Could you restate word for word only the lines below from the one holding "Hello Kitty Zojirushi" to the one holding "2 Vintage Stoneware", inclusive, and leave out the pictures?

_Material provided_:
-*-*-

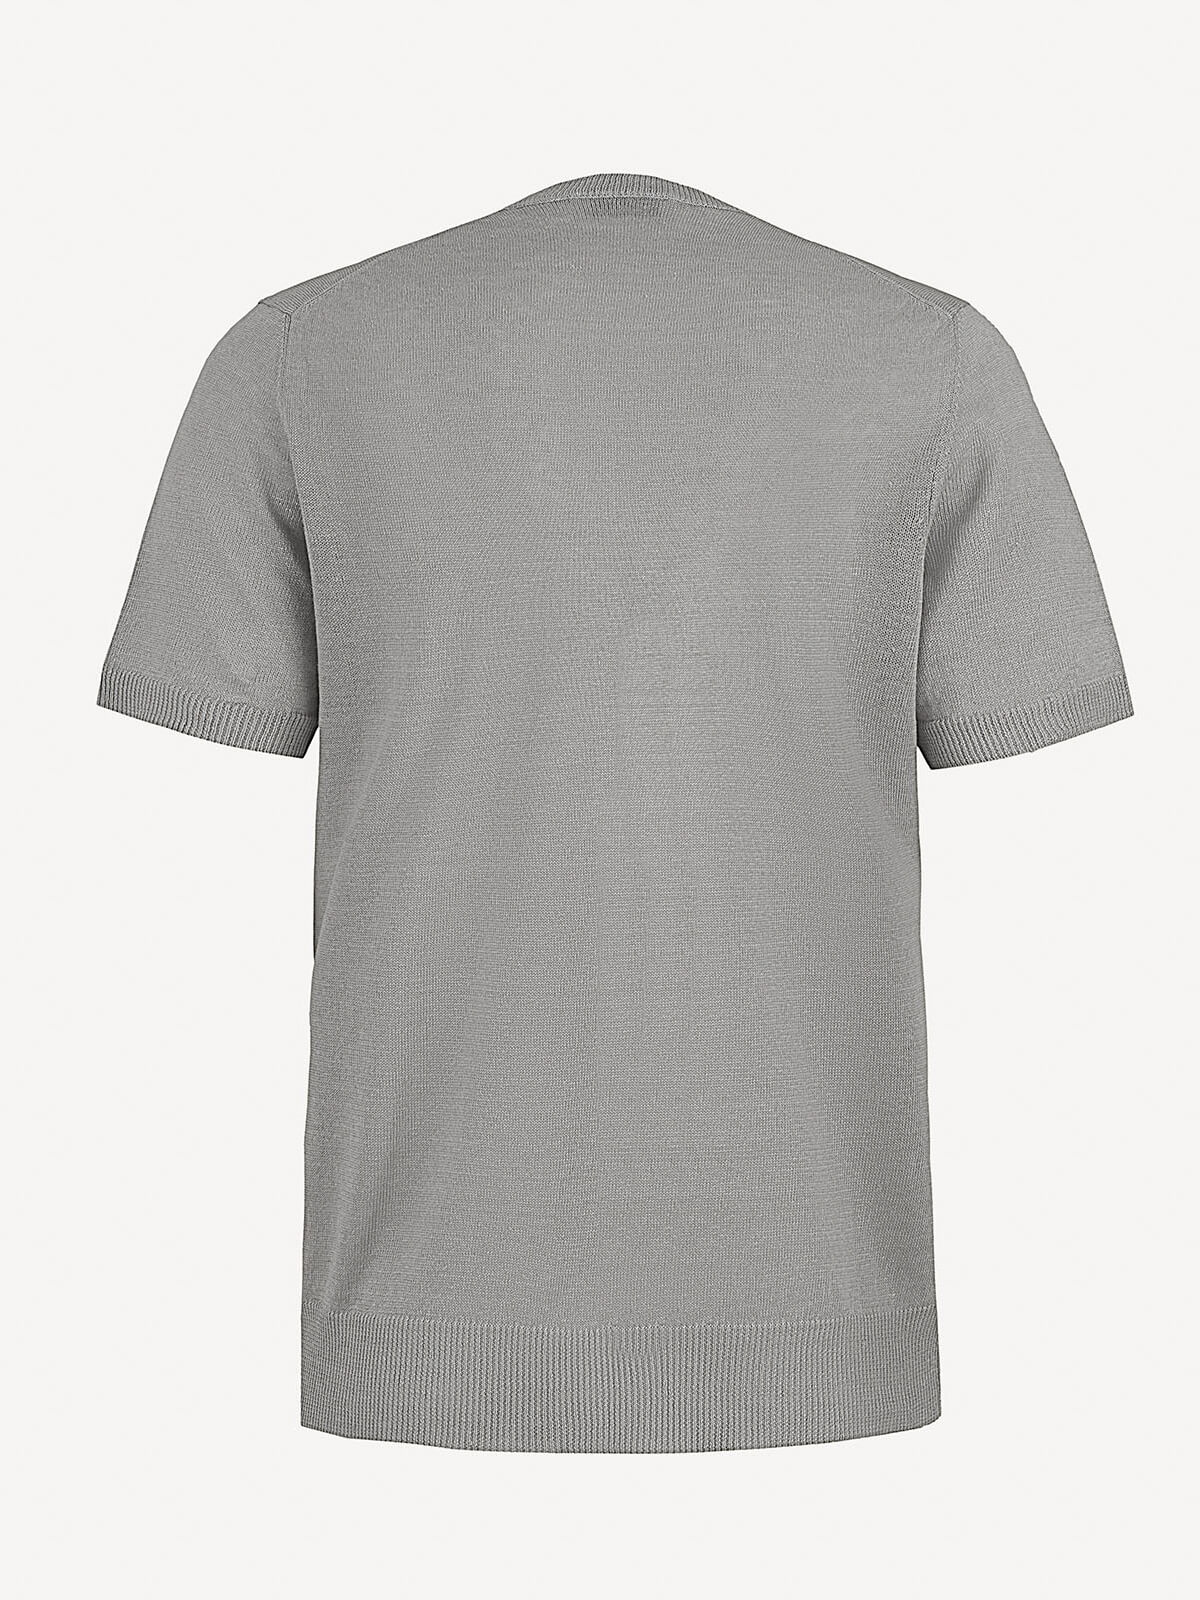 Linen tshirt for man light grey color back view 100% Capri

-*-*-

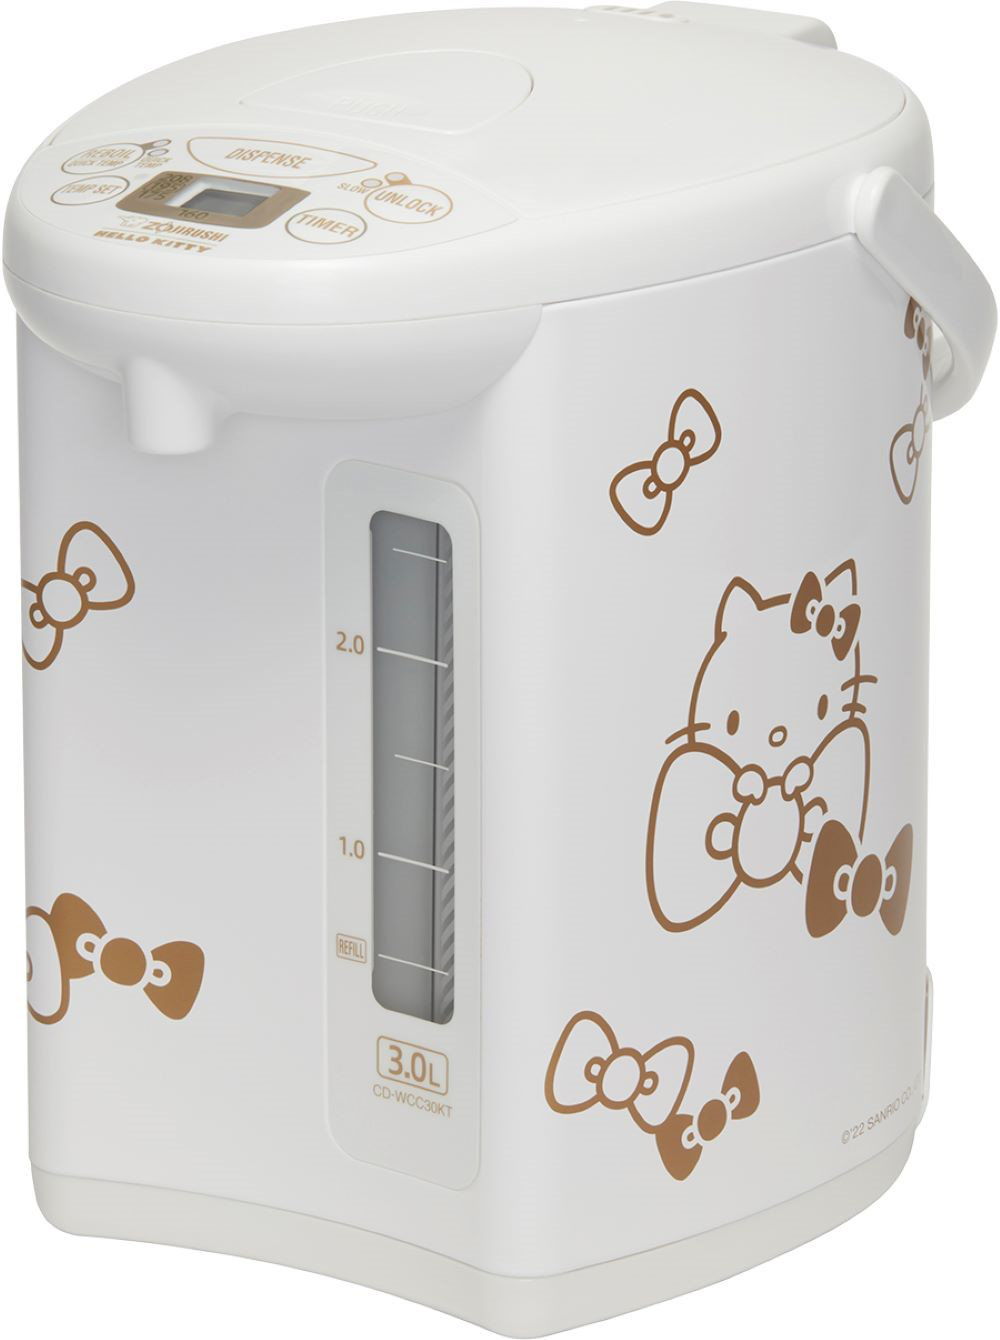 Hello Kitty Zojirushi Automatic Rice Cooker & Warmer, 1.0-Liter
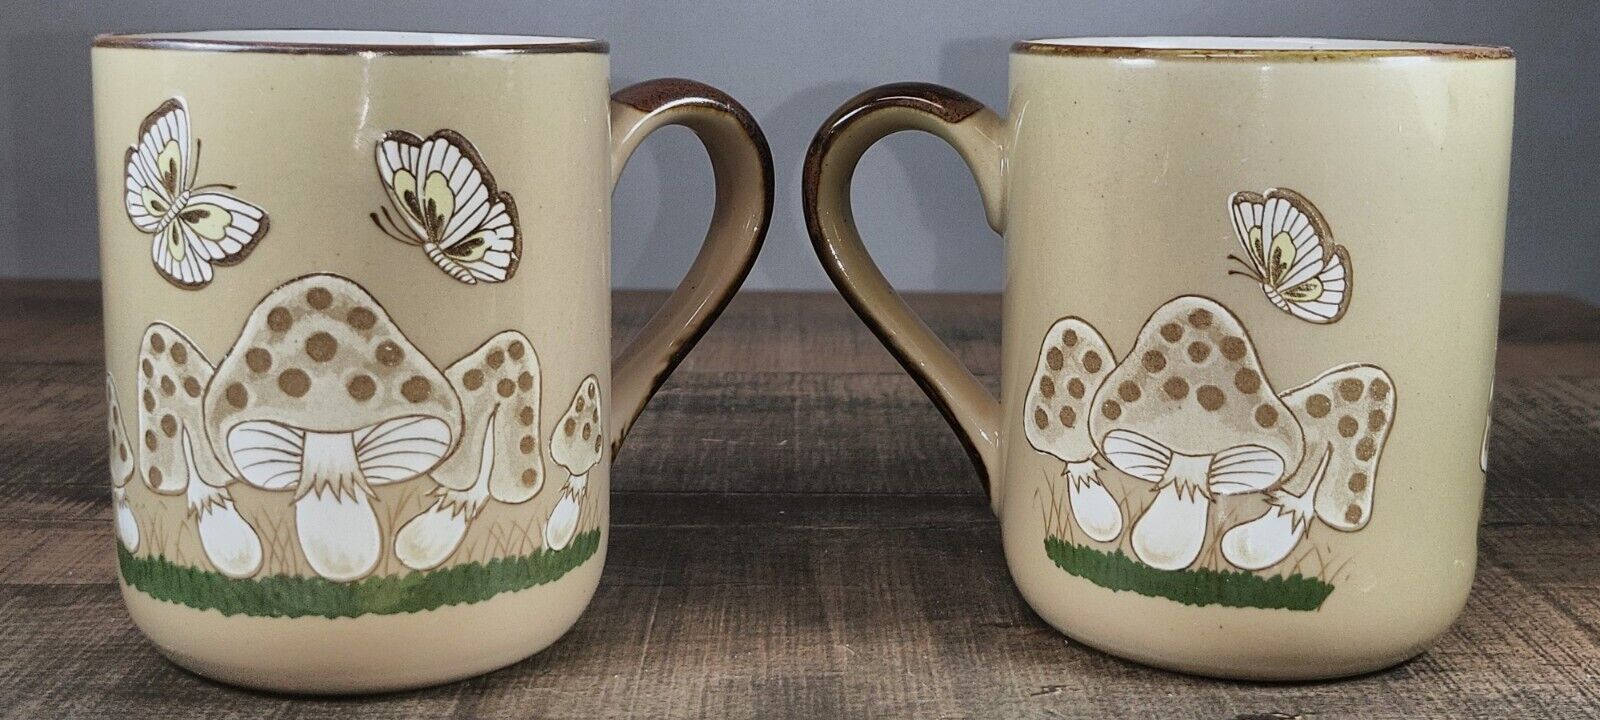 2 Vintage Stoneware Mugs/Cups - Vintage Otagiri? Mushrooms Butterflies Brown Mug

-*-*-

_Solved problem_:
 Hello Kitty Zojirushi Automatic Rice Cooker & Warmer, 1.0-Liter
 2 Vintage Stoneware Mugs/Cups - Vintage Otagiri? Mushrooms Butterflies Brown Mug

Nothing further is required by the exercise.